Clinical and Practical Implications
The agentic approach demonstrated statistically robust gains in concordance for tasks and patient trajectories where manual chart synthesis is most resource-intensive and decision-critical. Its error rates fell within bounds of human annotation variability, but higher clinical consequence of errors underscores the necessity of prospective validation for clinical deployment. Methodological rigor, including external cohort transferability and stratified sampling, supports generalizability claims.
Theoretical implications are pronounced: agentic reasoning externalizes evidence decomposition, weighting, and protocol synthesis, moving beyond the limitations of both simple retrieval and brute-force context packing that saturate at a performance ceiling. The documented attention deficit in long-context models constrains brute-force approaches and highlights the necessity of hybrid agentic reasoning architectures in real-world clinical settings.
Speculation on Future Directions
Advances in LLM contextual attention and retrieval robustness are expected to narrow gaps in citation sufficiency and evidence integration. System-level improvements should focus on further optimizing skill selection, retrieval precision, and deterministic scoring integration. Larger-scale prospective trials—interactive with treating clinicians—are necessary to validate direct impacts on clinical workflow and patient outcomes, moving beyond retrospective concordance assessment.

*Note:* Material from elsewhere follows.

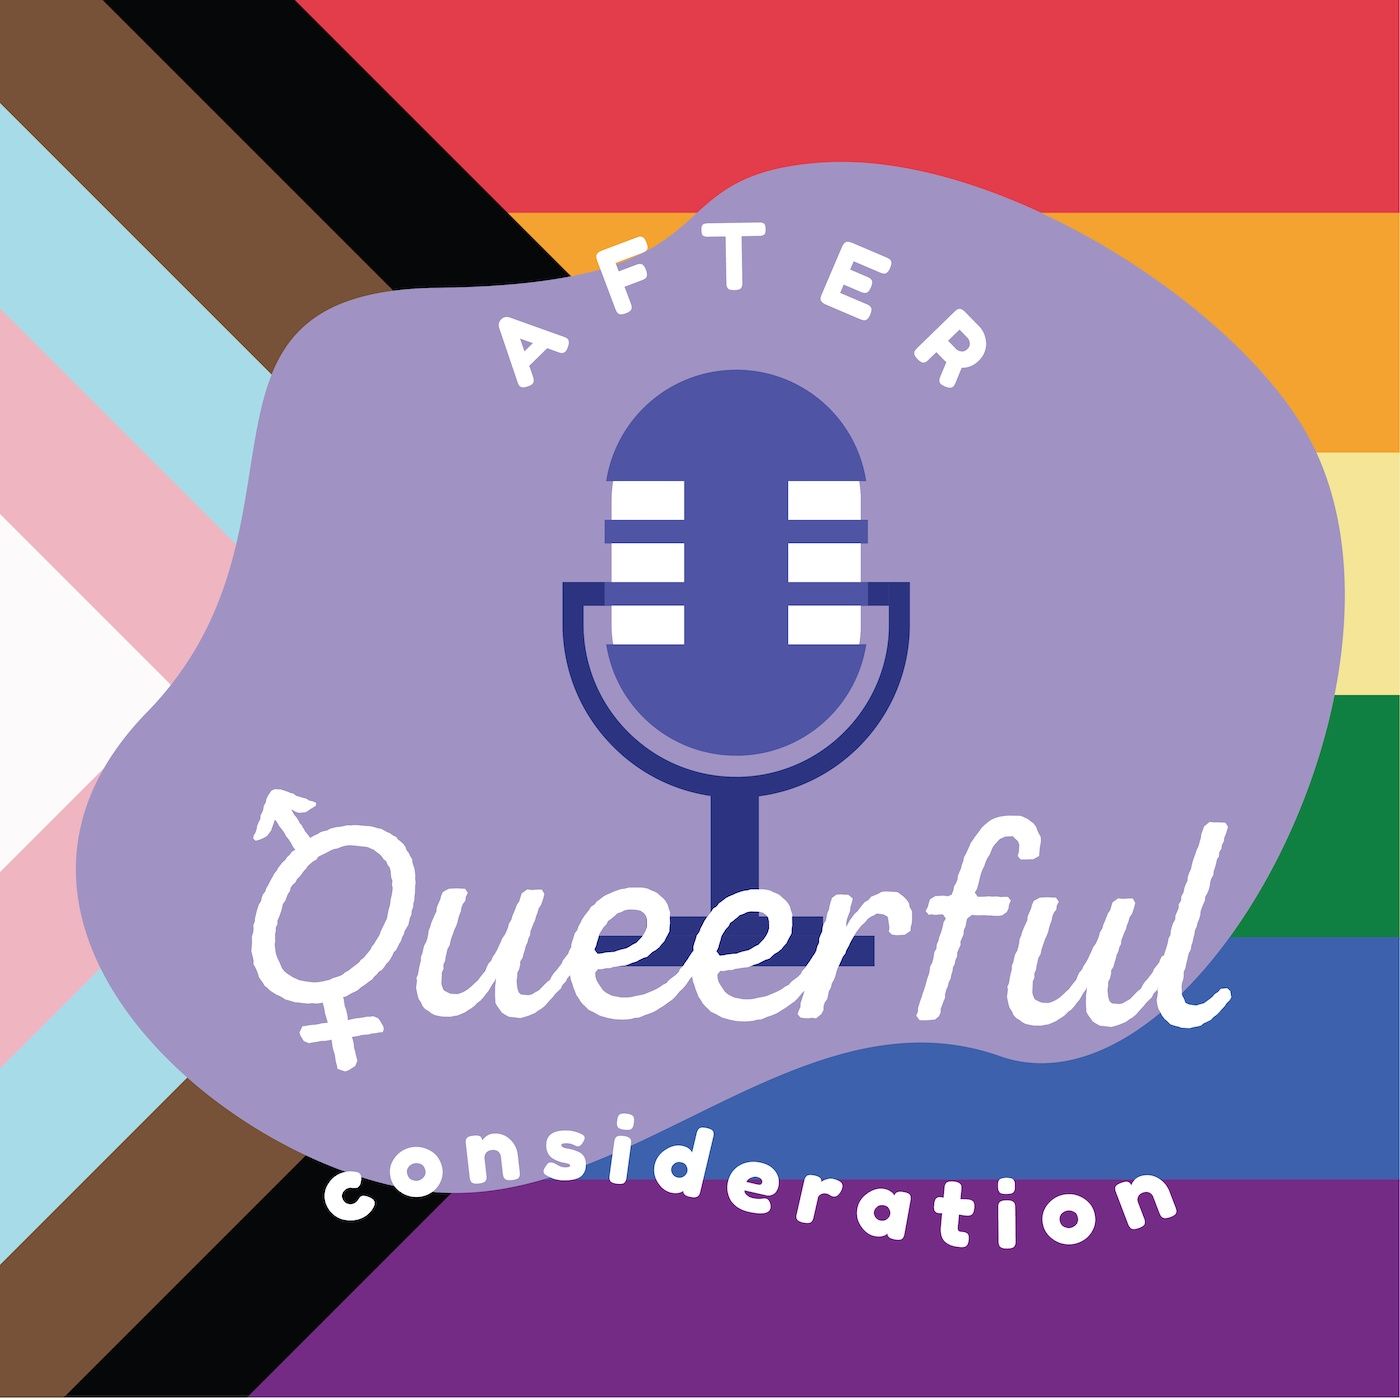 After Queerful Consideration

Integration with multi-modal sources and dynamic EHR interfaces may further augment reliability and domain coverage. Benchmarking against proprietary frontier models remains challenging under strict institutional privacy constraints, yet comparative studies across backbone architectures indicate that agentic advantage varies with baseline LLM reasoning capacity.
Conclusion
Agentic clinical reasoning systems, with explicit evidence-linked longitudinal synthesis, outperform retrieval-augmented and full-context methods in concordance with expert annotations—especially as task complexity and record length escalate. System-level error rates match human annotation variability, but the clinical impact of residual errors mandates prospective validation. Structured agentic architectures externalize core medical reasoning operations, enabling verifiable and traceable outputs in complex, heterogeneous medical documentation environments.
Future developments should target improvements in retrieval and evidence integration, contextual attention, skill library optimization, and prospective clinical efficacy trials, with the expectation that agentic reasoning will become indispensable for high-stakes multi-source medical decision support.